EXERCISE DIRECTIONS → Make an exact copy of the listing below. Pictures stay out of it.

INPUT DATA →
□ □ □ □ □ □ □

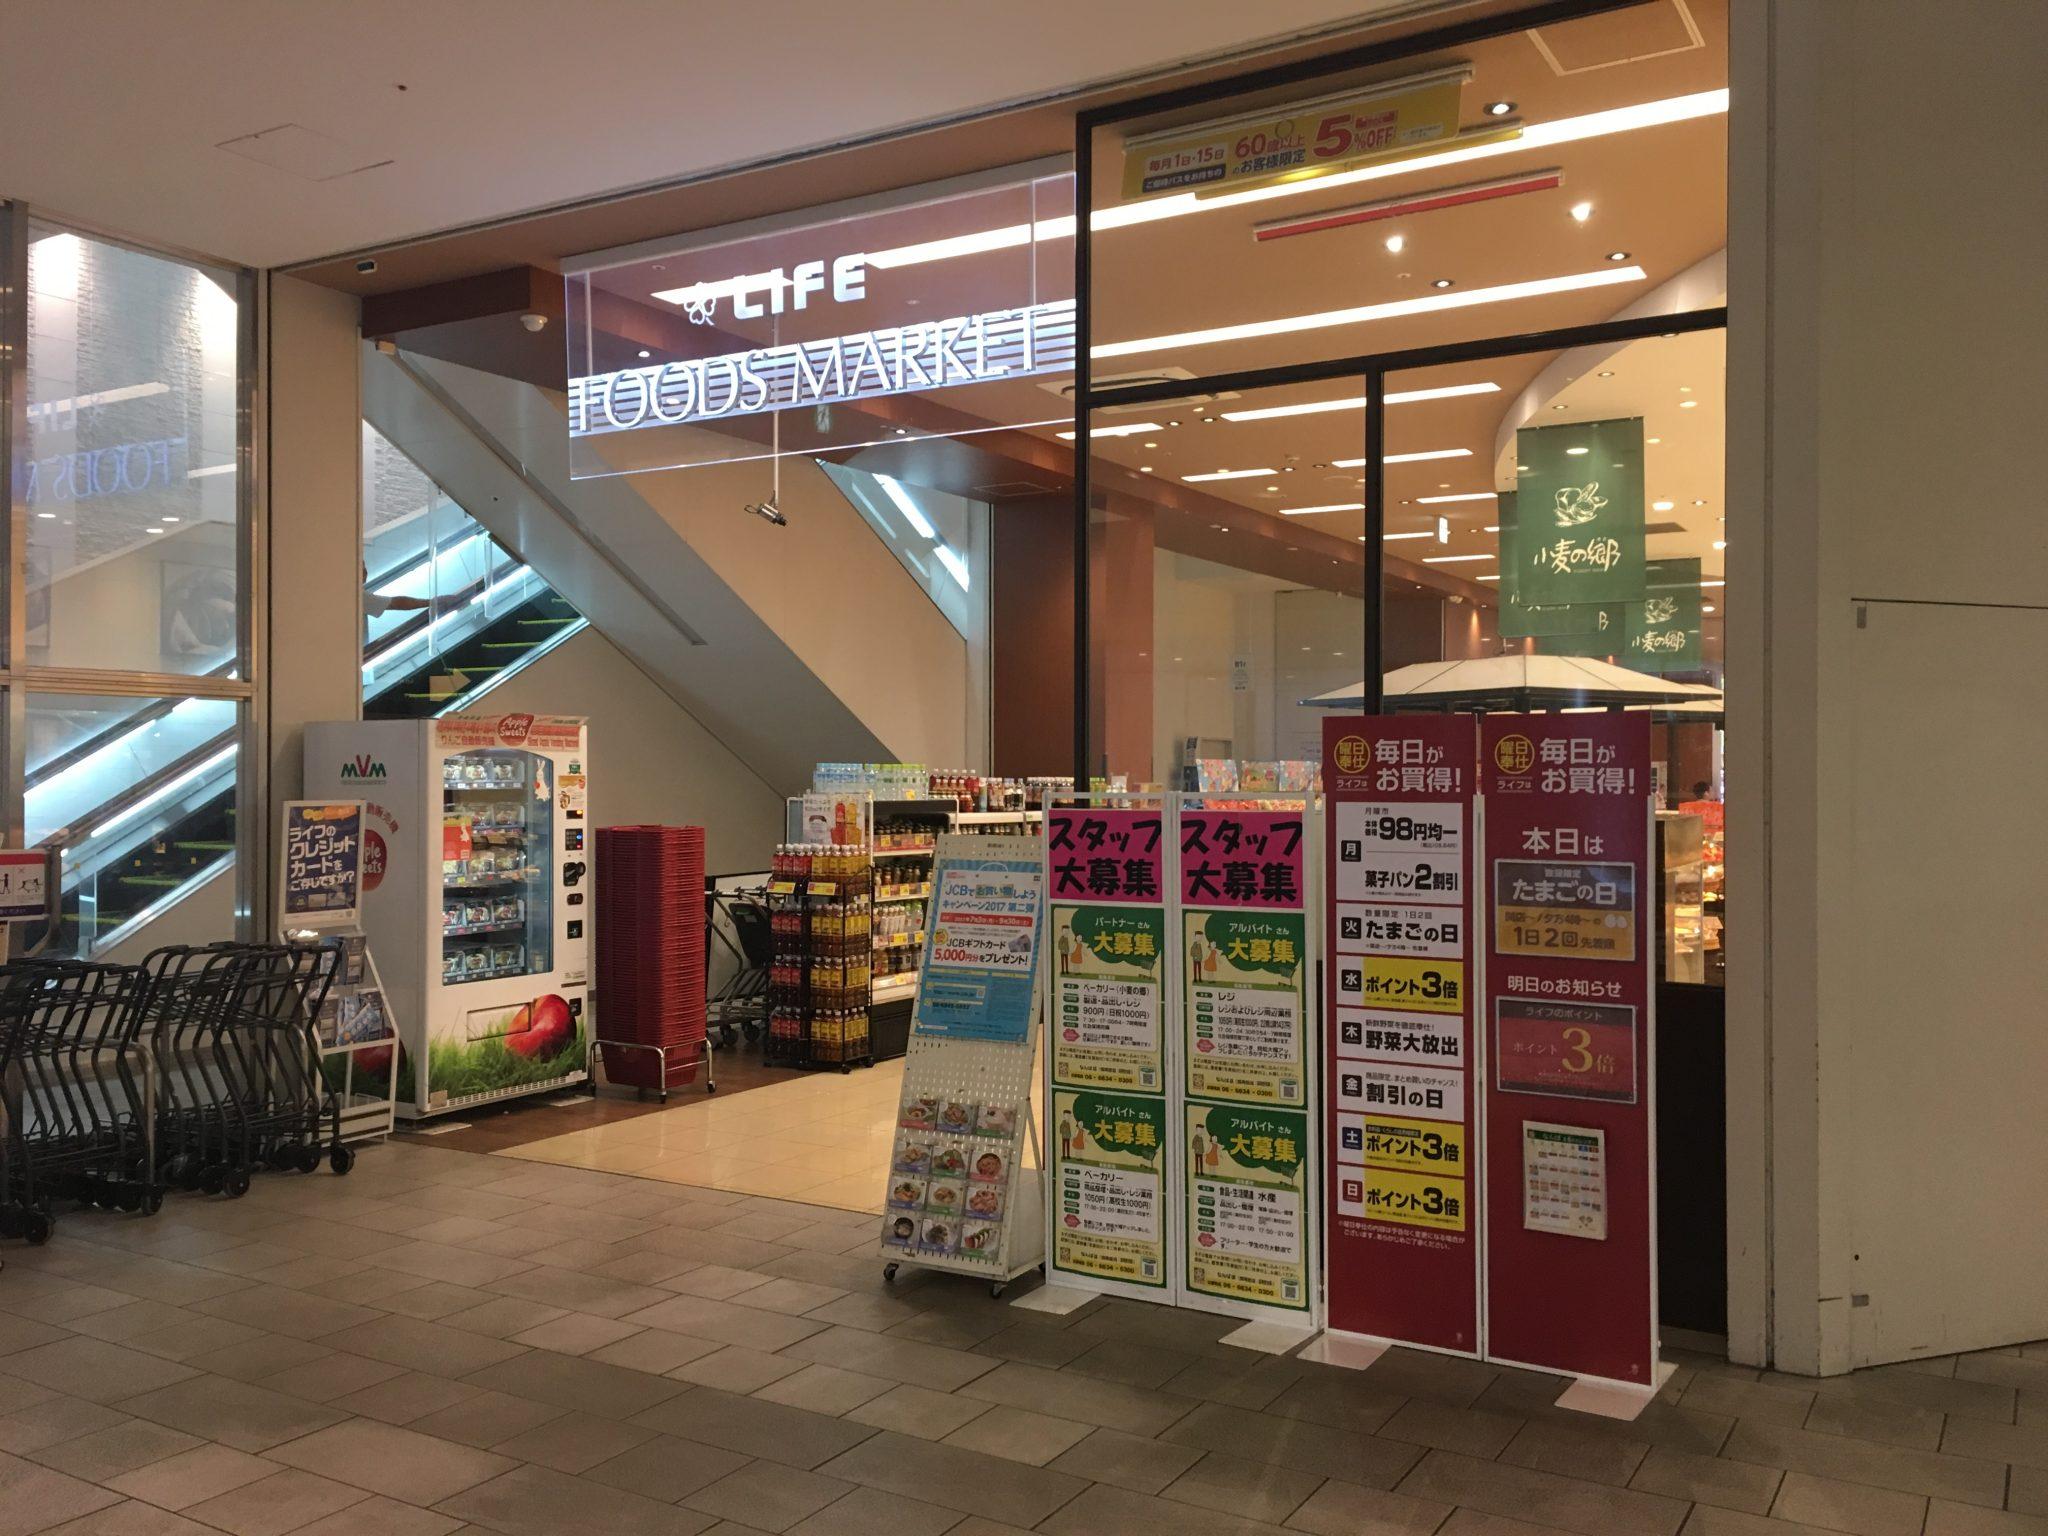 Life Namba Shop
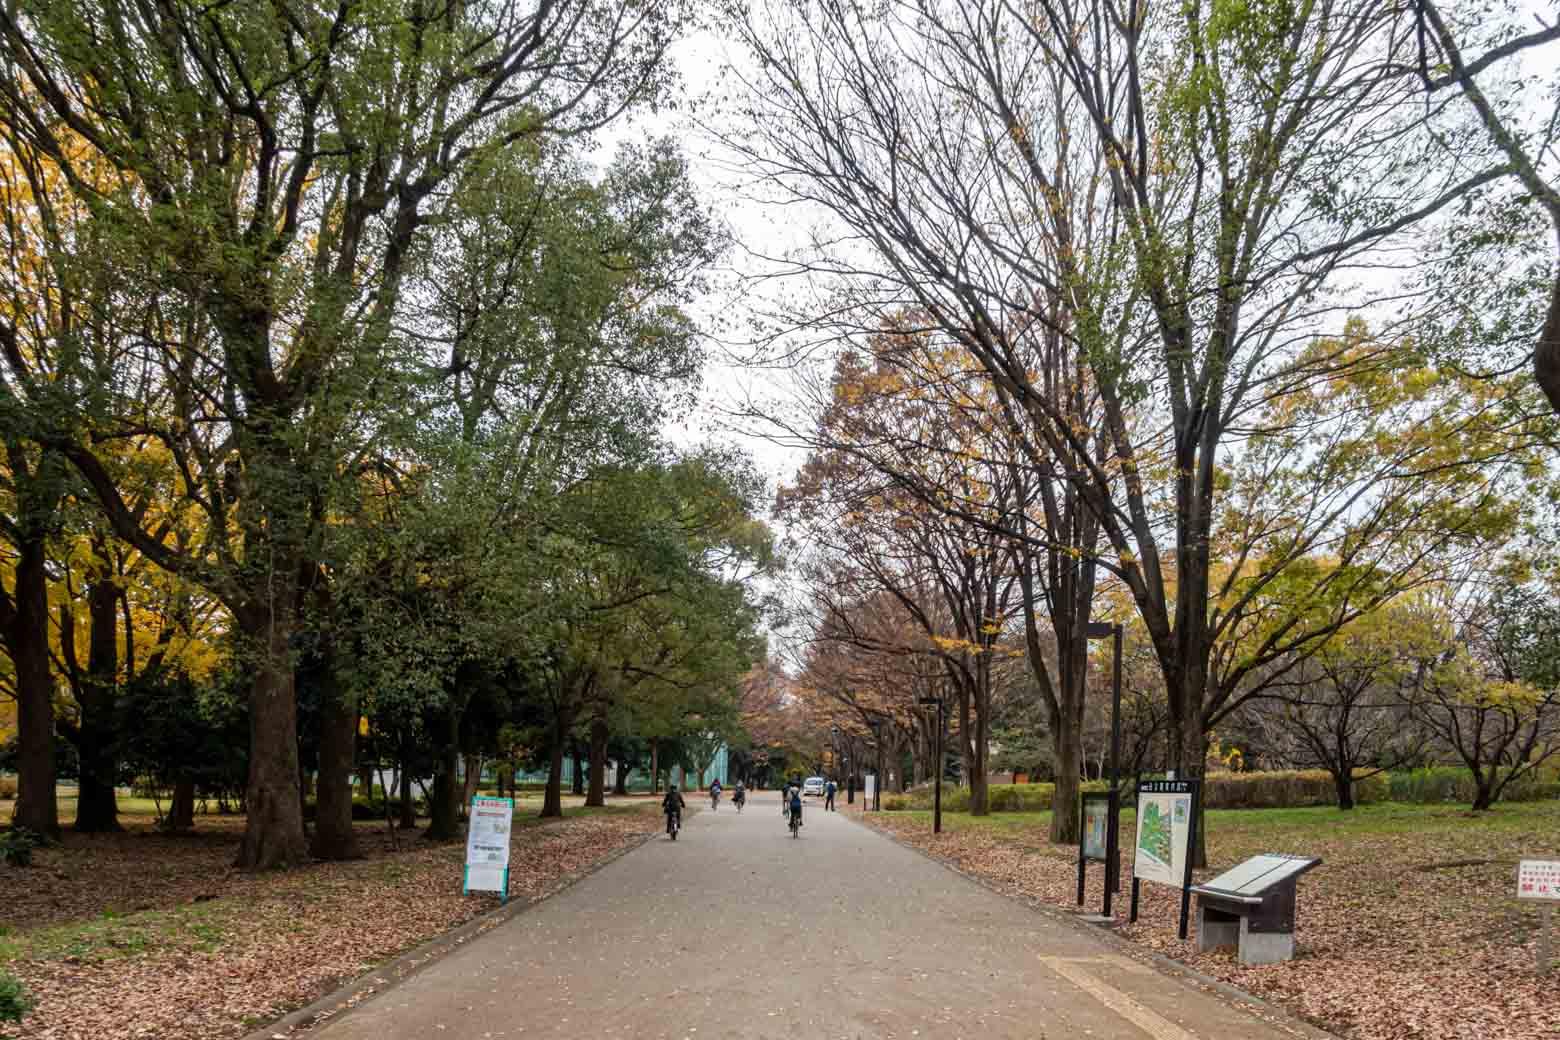 春には桜の名所としても知られる砧公園。園内には売店もあり、お散歩中ちょっと小腹が空いた時に立ち寄れます。
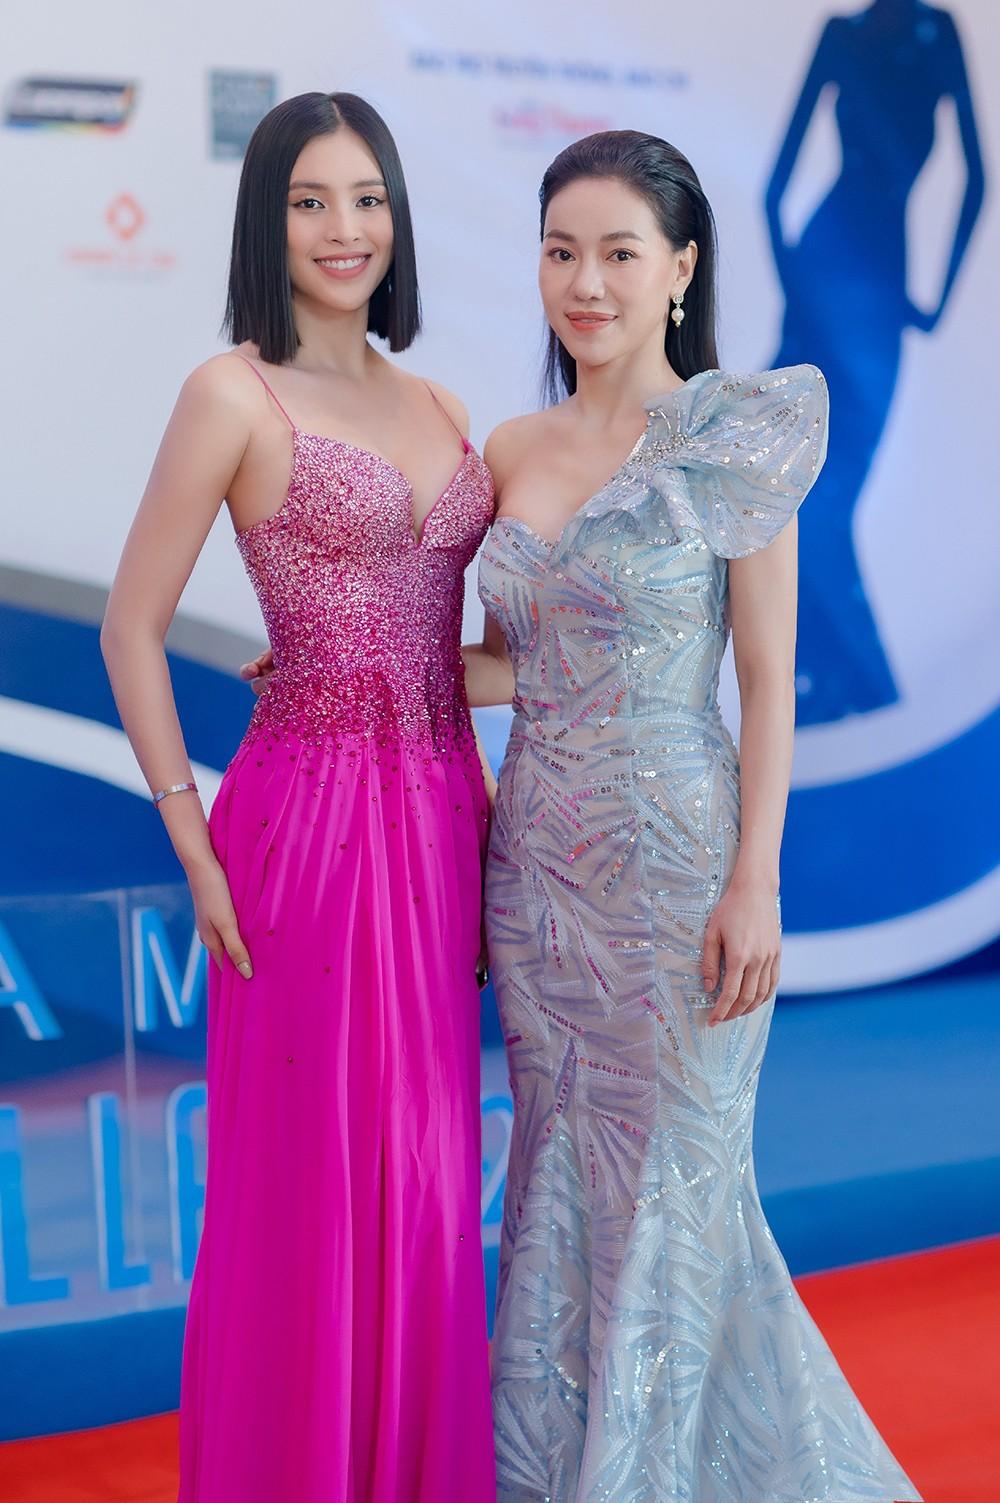 'Đụng' váy dạ hội xẻ táo bạo với Hoàng Thùy, Tiểu Vy vẫn ghi điểm bởi body nóng bỏng ảnh 6

□ □ □ □ □ □ □

SOLVED PROBLEM →
 Life Namba Shop
 春には桜の名所としても知られる砧公園。園内には売店もあり、お散歩中ちょっと小腹が空いた時に立ち寄れます。
 'Đụng' váy dạ hội xẻ táo bạo với Hoàng Thùy, Tiểu Vy vẫn ghi điểm bởi body nóng bỏng ảnh 6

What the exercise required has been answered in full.